Saturday, August 21, 2010

Real estate downturn hits the economy

The strong economic recovery highlighted in this post has stalled. I assumed a reversal in housing activity to slow down the entire economy but still remain in positive growth. That is now being tested with negative results showing up in some key reports.

Leading indicators (July 2010)

The composite leading index slowed to a 0.4% increase in July, after a gain of 0.7% in June. Most of the slowdown originated in the household sector, where three components fell. None of the seven other components decreased.




Jobs (July 2010)

The number of workers in the education sector was down by 65,000 in July. The large drop in educational services in July was spread across several occupation groups, including educational assistants, teachers and administrators in primary and secondary schools as well as custodial staff.

In July, employment decreased in finance, insurance, real estate and leasing (-30,000), bringing employment in this industry back to its July 2009 level.


(I expect next months report to be better because the loss of 65,000 educational jobs is unlikely to be repeated)

GDP (May 2010)

Sales of existing homes fell significantly in several parts of the country in May, resulting in an 11.3% decrease in the output of real estate agents and brokers. This marked the fifth consecutive monthly decline in this industry.

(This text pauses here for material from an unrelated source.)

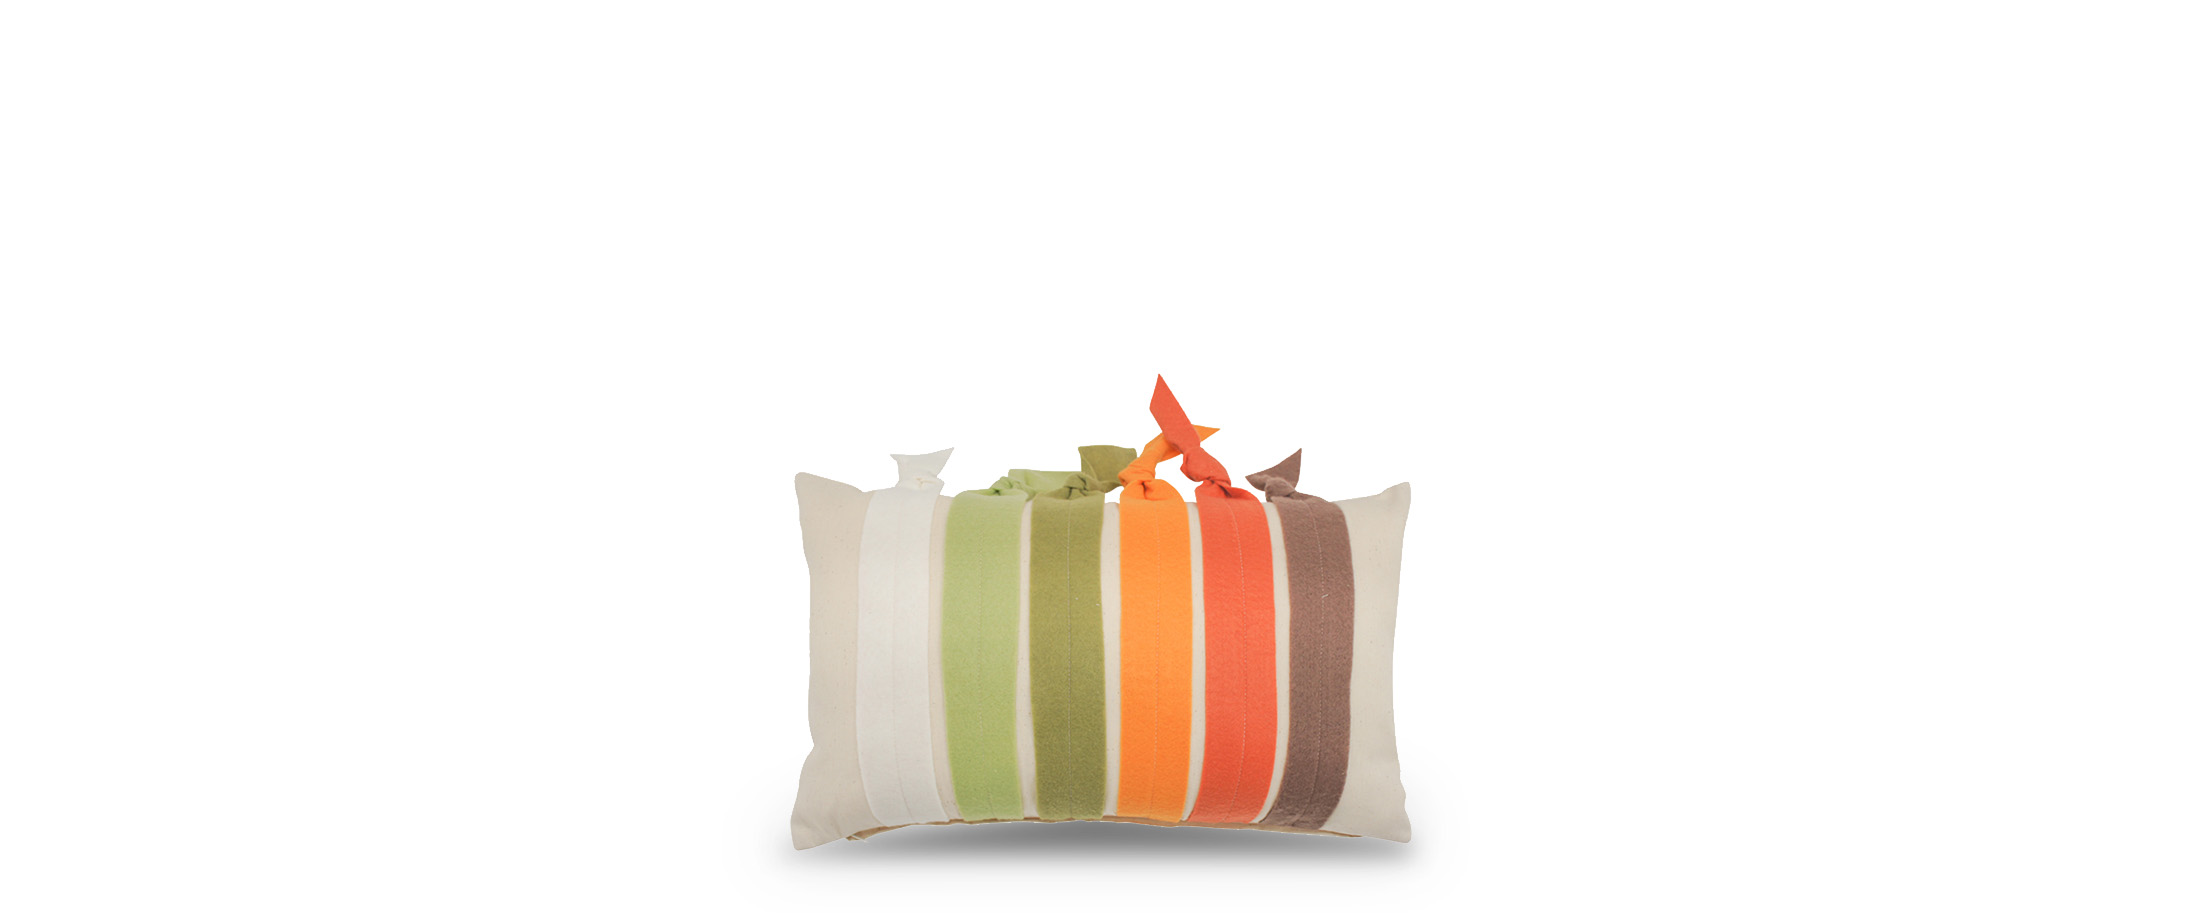 Подушка декоративная Хризантема 4010Подушка декоративная Хризантема 4010. Подушка изготовлена из натурального льна, обладающего уникальными характеристиками: экологичность, износостойкость, воздухопроницаемость, высокая теплопроводность, минимальная электризуемость.

The question is whether this is leading to a double dip recession or just a slowing in the rate of growth.

6 comments:

Radley77 said...

There seems to be more reflection in the Canadian bond market now with 10 year yields at lowest since the crisis. Housing starts are also down in the US, with high inventory levels in the resale market creating downward pressure on prices. Leading US indicators are also not looking good.

Carioca Canuck said...

There never was growth, or a strong economic recovery.

Artificially created government stimulus, along with manipulative data mining by "economists" and blatant lying by the special interest funded "news media" created the "Houdiniesque" figures for the illusion that was publicly touted for the last 24 months.

I am 50 years old and have never, ever, seen the economy this bad in Alberta. Not even in the early 80's......today many hard assets have deflated by 20-35% and/or sales of some have also gone down by 35-50%......and we're just at the top of the downward slope.

I have been here since 1973.......

BearClaw said...

Radley,

It's on the wire now. Do you think there will be (or is) a double dip recession here and in the US?

CC,

By almost any metric the current Alberta recovery puts the economy in much better shape than the early 80s.

squidly77 said...

No Bearclaw your wrong-the Alberta economy is completely dead and this is indeed much worse than the eighties-we are just not seeing it yet.

Take for example the Alberta governments recent change to the immigration policy-they know what's coming.

I am not sure what recovery you speak off-Alberta's last mega project will wrap up in Oct-Albian sands-scotford upgrader will then be done. There are no more projects scheduled.

The lipstick will soon be off the Pig.

Carioca Canuck said...

Alberta recovery ????? On what planet are you Kevin.....ROTFLMAO !!!!!

Kool-Aid Kool-Aid tastes great !!!

Kool-Aid Kool-Aid can't wait !!!

Carioca Canuck said...

Forgot to add that both you and Rsdley weren't even born in the early 80's, therefore you can only look at words on paper as your point of reference. And I understand the problem that poses....

I was busy winding a $100MM mortgage portfolio down to $40MM for the National Trust Company......which is incidentally now called the Metropolitan Bar and Grill in TD Square.